Example Formulation Method #5
[0099] Producing a 30 ml batch with: [0100] 10 ml purified water; [0101] 2.5 mg of whole plant extract of cannabinoids (80% cannabinoid content) [0102] 4.5 ml Opti-MSM® Methylsulfonylmethane 0.9% solution [0103] 18 ml of 0.9% saline solution [0104] Heating the mixture at 210° F. for one hour in a flask. [0105] Stirring with a magnetic stirrer for three hours. [0106] Filtering with a 5 micron filter [0107] Packaging in an eye drop dispenser.
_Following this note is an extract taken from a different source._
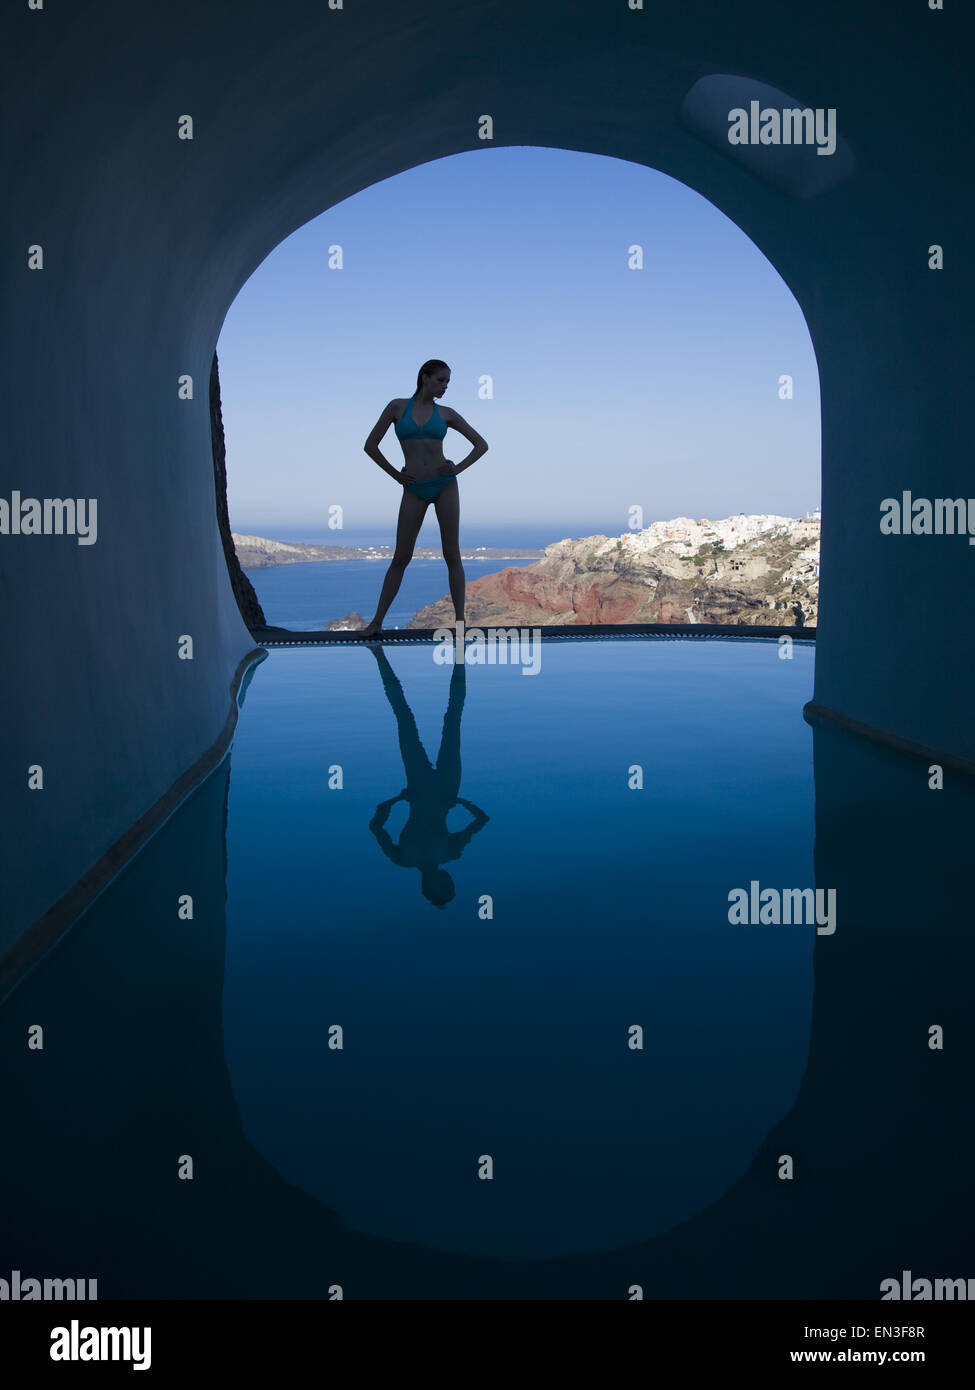 Silhouette of woman in bikini standing at edge of infinity pool with arch and rock formation Stock Photo

[0108] The present invention envisions transmucosal administration of the present invention via the ocular or nasal routes. For ocular delivery, the number of drops is between (1-5). For nasal delivery, the same volume in the form of a mist is administered. The nature of administration and formulation reduces the need for administering a large volume of cannabinoids. To compare, an orally administered therapeutic dose of THC, for example, via an edible product can be 10-25 mg. In accordance with the present invention, 0.1 mg or less can be therapeutic. Subjective testing indicates that the present invention may be more than 100× more potent than traditional oral deliver via an edible product.
[0109] The product and methods of the present invention also can be employed through delivery via the ears, sublingually and topically.